Dry Fruit Milkshake Recipe (Energizing)
This dry fruit milkshake blends a variety of nuts and dried fruits like almonds, pistachios, cashews, raisins, dates, and figs with soy milk, producing a creamy, nutrient-dense drink. The optional saffron adds a subtle aroma and color, while the natural sweetness from dried fruit provides energy and richness. The consistency can be adjusted to preference, and the shake works well as a filling snack or meal replacement.
Ingredients
- ¼ cup almonds
- ¼ cup pistachio unsalted, shelled
- ¼ cup cashews
- ¼ cup raisins
- 7 to 8 dates - chopped
- 3 to 4 figs dried
- 1 pinch saffron - optional
- 2.5 cups soy milk (chilled) or preferred vegan milk or dairy milk
- raw sugar - if needed, optional
- 1 tablespoon almonds or pistachios or cashews, chopped - for garnish
Instructions
Preparation
- Soak figs in hot water for 30 minutes or in water at room temperature for 1 to 2 hours or more until they soften.

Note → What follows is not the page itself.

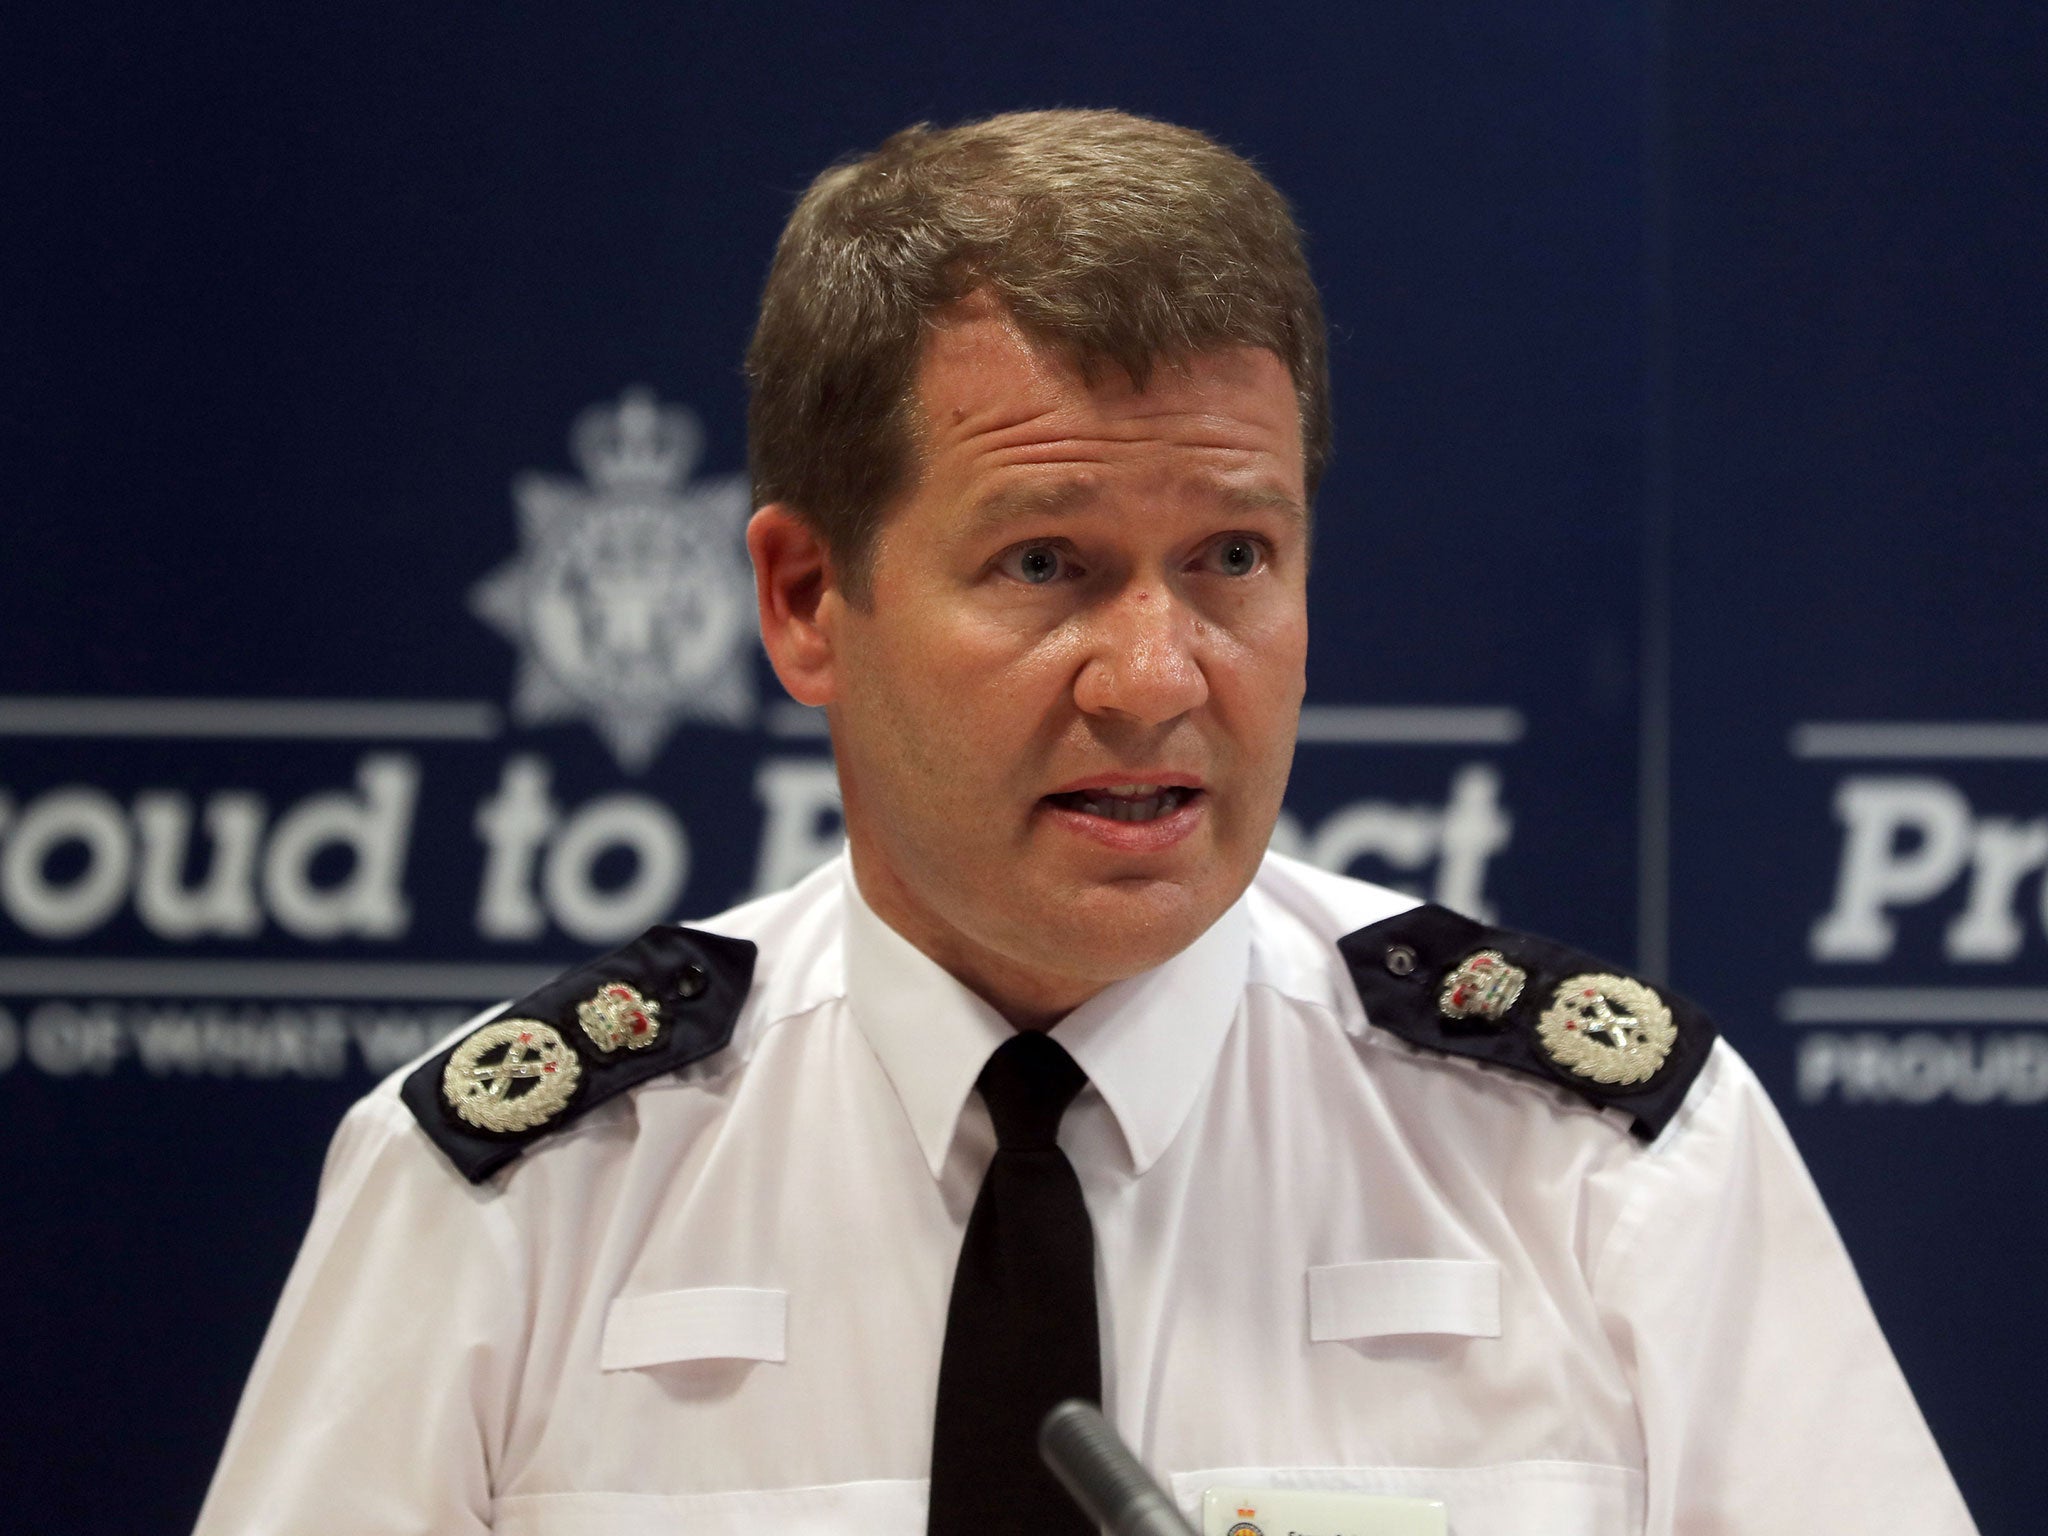 Northumbria Police Chief Constable Steve Ashman during a press conference in Newcastle on 9 August

- If you have dried figs which are soft, then no need to soak them. If the dried figs are chewy and hard, then do soak them.
- You can also soak dates if they are hard or chewy. If they are soft, then no need to soak dates. You can opt to soak the almonds, cashews and the remaining nuts.
- Rinse the remaining nuts, dates and raisins except the saffron in a strainer or bowl. This is an optional step.
- You could also choose to soak these nuts and raisins in hot water for 30 minutes. If you prefer, you can peel the almonds. For small kids, I recommend to peel the almond and the pistachio skins.
- Once the figs have softened, then roughly chop them. Also roughly chop the dates.
Making dry fruits milkshake
- Then add all of nuts, raisins, chopped dates, figs and saffron in a blender.
- Add ½ cup soy milk (or any nut milk or dairy milk). Blend to a semi fine or fine paste. If making for small kids, then make a very fine paste.
- Then add the remaining 2 cups of the soy milk. You can also add raw sugar if you prefer.
- Blend well again. Pour in glasses.
- Garnish with a few dry almond or pistachio slivers and serve dry fruits milkshake immediately.
- Store any leftovers in the refrigerate for a few hours, but try to drink the milkshake the same day.½
Notes
- Add nuts of your choice, ensuring they are fresh and free of bitterness.
- Use pitted high-quality dates for easier preparation and better flavor.
- Soak firmer dried figs in hot water to soften before blending for smoother texture.
- Choose soy milk or any preferred milk base; plant-based milks or dairy work equally well.
- Add warming or cooling spices seasonally to enhance flavor profile.
- Peel almonds and pistachios when serving to young children for better digestibility.
Nutrition Information
Nutrition Facts
Serving: 3 Serving
Amount Per Serving
Calories 396
% Daily Value*
| Calories | 396kcal | 20% |
| Carbohydrates | 43g | 14% |
| Protein | 14g | 28% |
| Fat | 21g | 32% |
| Saturated Fat | 2g | 10% |
| Trans Fat | 1g | 50% |
| Sodium | 103mg | 4% |
| Potassium | 811mg | 17% |
| Fiber | 7g | 28% |
| Sugar | 28g | 56% |
| Vitamin A | 802IU | 16% |
| Vitamin B1 (Thiamine) | 1mg | |
| Vitamin B2 (Riboflavin) | 1mg | |
| Vitamin B3 (Niacin) | 8mg | |
| Vitamin B6 | 1mg | |
| Vitamin B12 | 2µg | 83% |
| Vitamin C | 15mg | 17% |
| Vitamin D | 2µg | 10% |
| Vitamin E | 9mg | |
| Vitamin K | 7µg | |
| Calcium | 356mg | 36% |
| Vitamin B9 (Folate) | 83µg | |
| Iron | 3mg | 17% |
| Magnesium | 100mg | 25% |
| Phosphorus | 215mg | |
| Zinc | 2mg |
* Percent Daily Values are based on a 2,000 calorie diet.